Recent actions by Harvard University’s administration merit the Association’s timely consideration and—absent a satisfactory response from Harvard—adoption of a censure of the university’s administration. Issuing this censure will require, however, that the Association adapt and expand its censure practices. Whereas the AAUP’s existing practices are limited to responding to harm to individual faculty from violations of academic freedom and tenure, at Harvard—as at many institutions in recent months—we are witnessing attacks by the administration on the academic freedom of the faculty in toto, or what we can speak of as systemic attacks on academic freedom. The Association must adapt to meet this existential threat to our work as faculty.

According to the Association’s website, “censure results from the Association’s findings that conditions for academic freedom and tenure are unsatisfactory at a college or university.”  There is ample evidence that this is the case at Harvard University today. Roughly a month ago here on Academe Blog, Hank Reichman documented several actions by the Harvard administration that are inimical to academic freedom and corrosive to the institution of tenure.

The most systemic and consequential of these is the administration’s institutional adoption of the International Holocaust Remembrance Alliance (IHRA) so-called definition of antisemitism.  As is by now well known, IHRA codes speech critical of Zionism and the Israeli state as antisemitic, thus deeming it a form of hate speech. The clear intent and effect of this is to chill—by smearing and by undermining academic freedom protections for—speech supporting Palestinian freedom and equality. This is a weaponization of the category of hate speech, deploying the category not to fight hate but to stifle legitimate speech—specifically, speech recognizing and criticizing Israel’s denial of Palestinian freedom and equality.

There are two further, albeit related, reasons for the Association to stand against the adoption of the IHRA definition by Harvard’s administration. The first is that the administration has, perforce, designated an “official” or “correct” way of thinking about a subject of active classroom and scholarly inquiry. The administration has thus inserted itself into the core university functions of teaching and knowledge production, both of which require faculty autonomy from the administration in order to thrive. The second and related concern is that Harvard’s administration adopted the IHRA definition in settlements of lawsuits with outside parties, and thus outside of and in contravention of shared governance.

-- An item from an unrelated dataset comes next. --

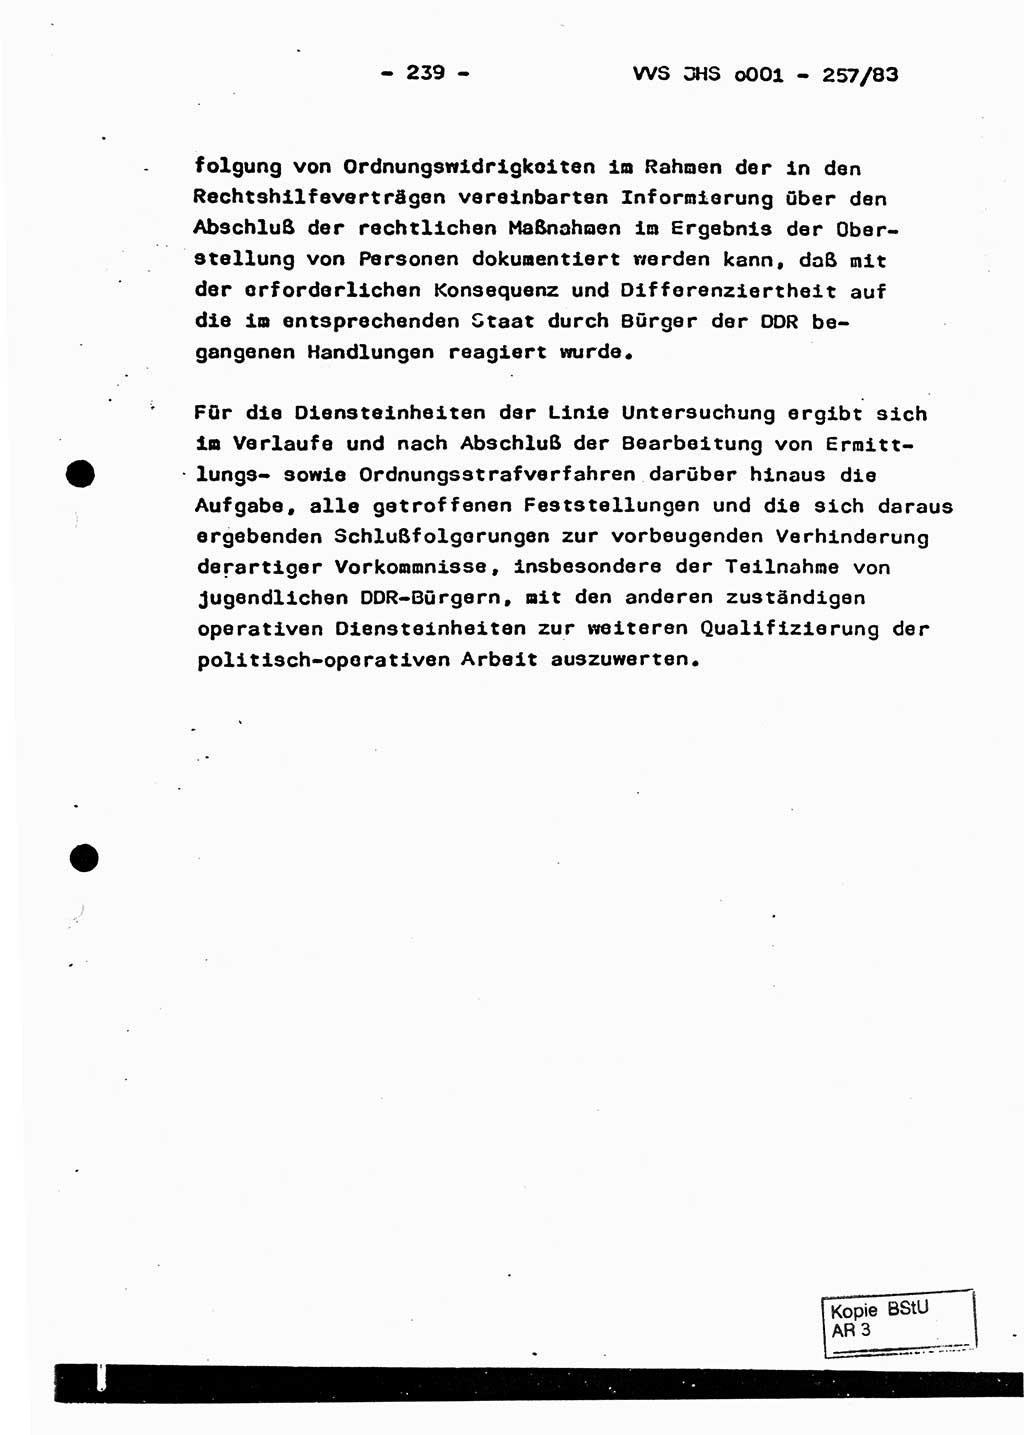 Dissertation, Oberst Helmut Lubas (BV Mdg.), Oberstleutnant Manfred Eschberger (HA IX), Oberleutnant Hans-Jürgen Ludwig (JHS), Ministerium für Staatssicherheit (MfS) [Deutsche Demokratische Republik (DDR)], Juristische Hochschule (JHS), Vertrauliche Verschlußsache (VVS) o001-257/83, Potsdam 1983, Seite 239 (Diss. MfS DDR JHS VVS o001-257/83 1983, S. 239)

Analyzing the Harvard administration’s actions as a case of “anticipatory obedience” to the Trump administration, Reichman’s piece does not discuss precursor attacks on academic freedom at Harvard, ones that occurred before Trump’s electoral victory and inauguration but after Israel initiated its assault on Gaza. These earlier attacks are usefully seen as obeisance by Harvard’s administration to compulsory Zionism, prefiguring its “anticipatory obedience” to the Trump administration that Reichman identified.

Students in keffiyehs sit in Harvard's Widener Library with laptops that say "IMAGINE IF IT HAPPENED HERE." Staff and a security guard patrol the area.

Photo by Frank S. Zhou, used with kind permission of The Harvard Crimson. See author’s note below.*

In October of last year, to cite one notable example, Harvard’s administration banned students and faculty from its own libraries for acts of silent reading in those libraries. The offense in these acts, according to Harvard’s president Alan Garber, is that they were collective actions undertaken with the “intention” to “deliver a common message,” first and foremost a message of support for Palestinian freedom.  This, from Harvard’s president, is in equal measure absurd and dangerous.

What should be clear at this juncture is that Harvard’s administration is more committed to suppressing speech in support of Palestinian rights and lives than it is to Harvard’s continuing to exist as a legitimate university defined by robust academic freedom protections, shared governance, and—let us say it—silent reading in its libraries. If the criterion for AAUP censure is that “conditions for academic freedom and tenure are unsatisfactory at a college or university,” as stated on the Association’s website, then the case for censuring Harvard’s administration is strong, even overwhelming.

Yet, as I noted at the outset, censuring Harvard will require that the Association revise and expand its censure process. Until now, the Association has censured institutions only in response to identifiable harm, such as suspension or dismissal, to a specific faculty member, who must bring the matter to the Association as a complainant. This form of AAUP censure fails to meet the challenges of our moment, however. The assault on academic freedom at Harvard (and elsewhere) is not a matter of inflicting harm on a specific faculty member but, quite differently, a systemic attack on the academic freedom of the faculty in toto—that is, of all faculty and of the faculty as a body. If AAUP censure is merited when one faculty member is harmed by administration misconduct, it must also be merited when the faculty plurally and collectively are so harmed.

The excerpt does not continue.